Figure 6 A DBConcurrency Exception
The implementation of this integrity check is fairly straightforward and leverages the ability of the DataTable object to keep multiple sets of data. When data is first loaded into a DataTable, all DataRows in the DataTable have their DataRowVersion property set to Original. When you modify a column value in a DataRow, a copy of the DataRow is created and marked as Current. The DataRow marked Original still exists in its unchanged form. All subsequent changes to the data will only affect the Current DataRow. When you execute the DataAdapter's Update method for a DataTable (or multiple DataTables in a DataSet), it iterates through all Current rows to determine the Update statements that should be applied to the underlying data source. In addition to the DataRowVersion property, DataRows have a RowState property which identifies the state of data in the row. Possible values include Unchanged, Added, Modified, Deleted, and Detached.
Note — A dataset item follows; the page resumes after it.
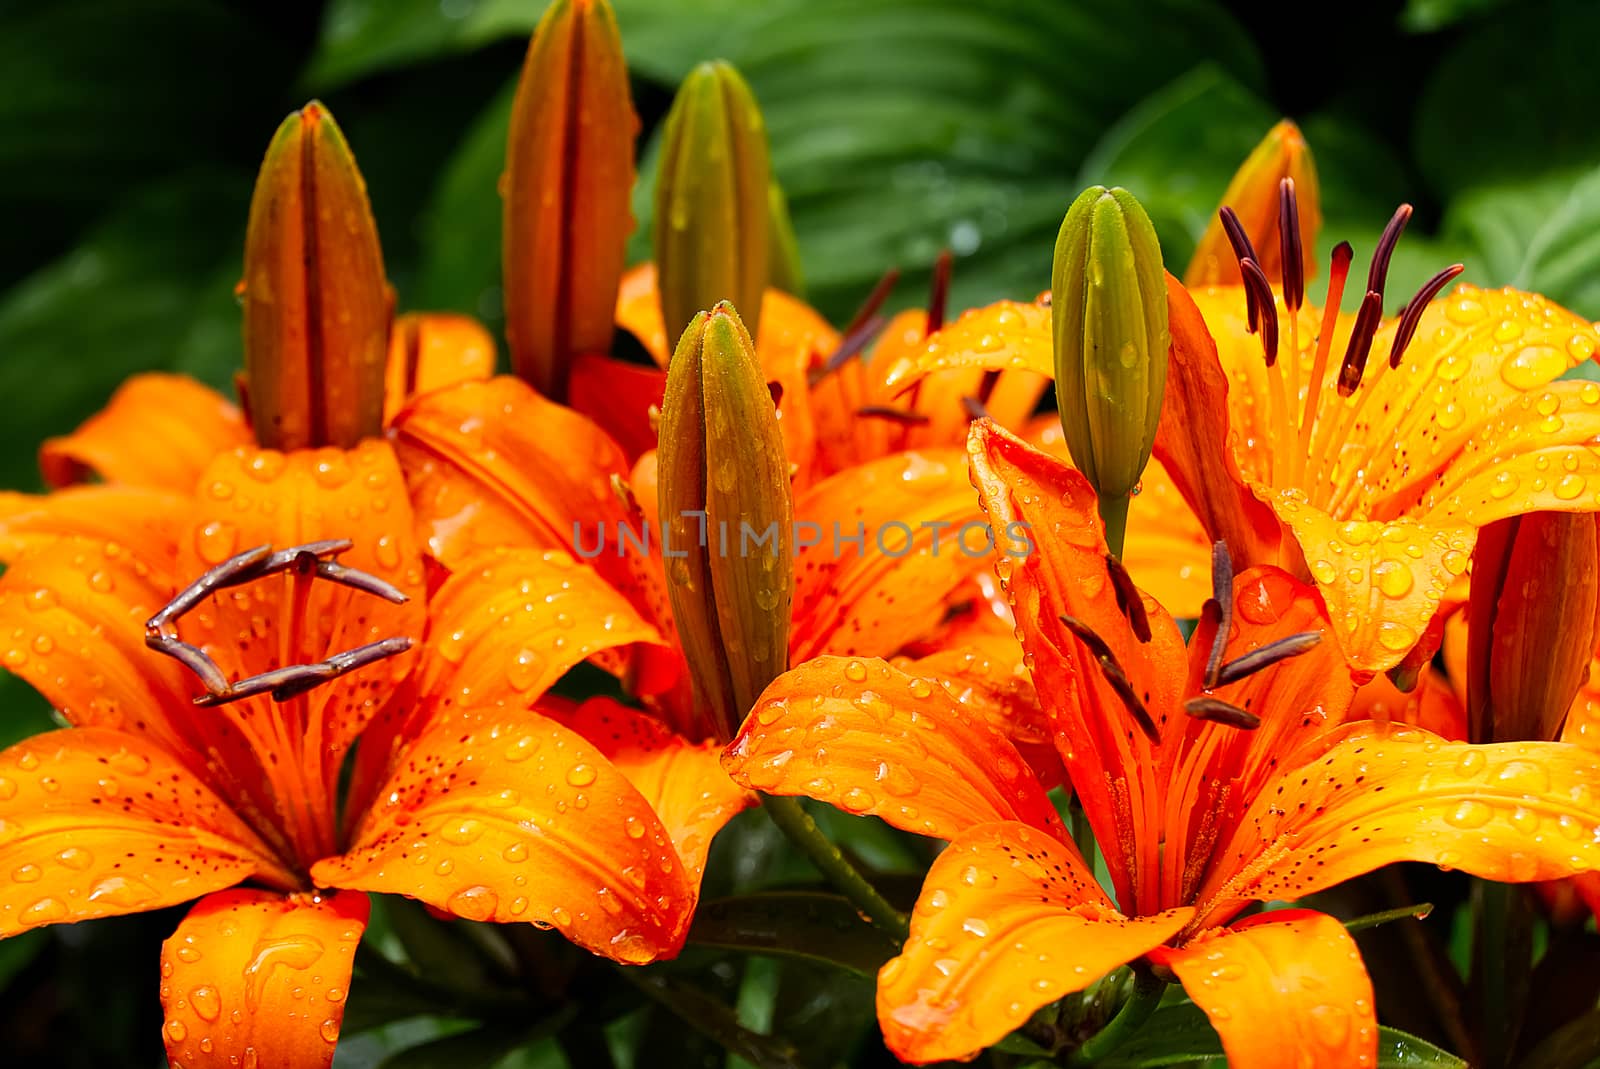 Orange lily flower close-up shoot in garden

Having now determined which rows of the underlying data require updating, the dsCustomer DataAdapter builds the SQL statements needed to update the SQL Server database. Recall from Figure 1
that I used CommandBuilder objects with my DataSet to build the necessary INSERT, UPDATE, and DELETE statements. The UPDATE statement created by the CommandBuilder object uses the values stored in the copy of the DataRow with a DataRowVersion value of Original to identify and update the appropriate row in the database. That is, instead of simply identifying the correct row using the primary key values, the CommandBuilder creates a SQL statement that looks for a row which exactly matches all of the original values stored in the DataSet. The following code is an example of the UPDATE statement built to update the customer's phone number:
UPDATE Customer SET Phone = @p1
WHERE ((ID = @p2) AND ((FirstName IS NULL AND @p3 IS NULL)
OR (FirstName = @p4))
AND ((LastName IS NULL AND @p5 IS NULL) OR (LastName = @p6))
AND ((Address IS NULL AND @p7 IS NULL) OR (Address = @p8))
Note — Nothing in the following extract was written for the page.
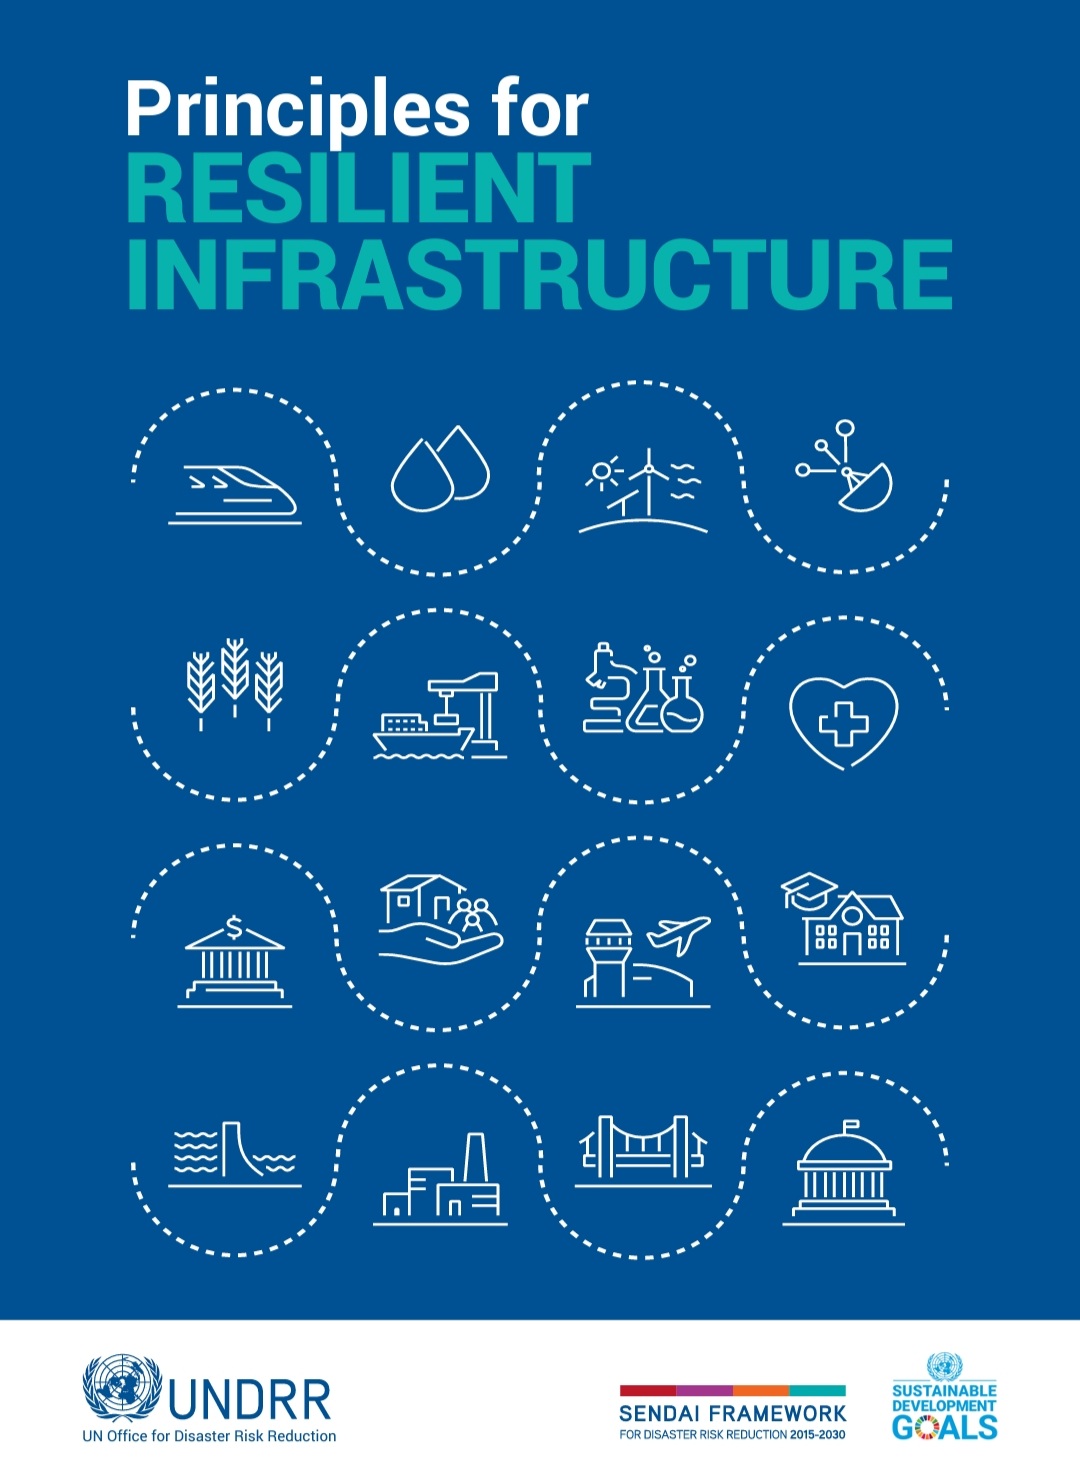 Globalne Konsultacje na temat Zasad Odpornej Infrastruktury

AND ((Address2 IS NULL AND @p9 IS NULL) OR (Address2 = @p10))
AND ((City IS NULL AND @p11 IS NULL) OR (City = @p12))
AND ((State IS NULL AND @p13 IS NULL) OR (State = @p14))
AND ((Zip IS NULL AND @p15 IS NULL) OR (Zip = @p16))
AND ((Phone IS NULL AND @p17 IS NULL) OR (Phone = @p18)))
The UPDATE statement uses parameters rather than actual values, but you can see how the value of each and every column in the row is checked.
Having now identified the exact row and original values in the underlying database, the DataAdapter can safely update the row. However, if any of the column values in the database row have changed since the DataTable was filled, the UPDATE statement will fail because there will be no row in the database that matches the criteria in the WHERE clause. It is easy for the DataAdapter to determine whether the UPDATE was successful by simply checking the actual number of rows updated in the database. If no rows are updated, then the underlying data must have been altered or deleted and the data concurrency exception is raised. This explains the somewhat cryptic error message that Joe receives when he tries to update the customer's phone number; the exact error detected by the DataAdapter is not that the underlying data changed, but that no records were updated, indicating that the underlying data must have changed.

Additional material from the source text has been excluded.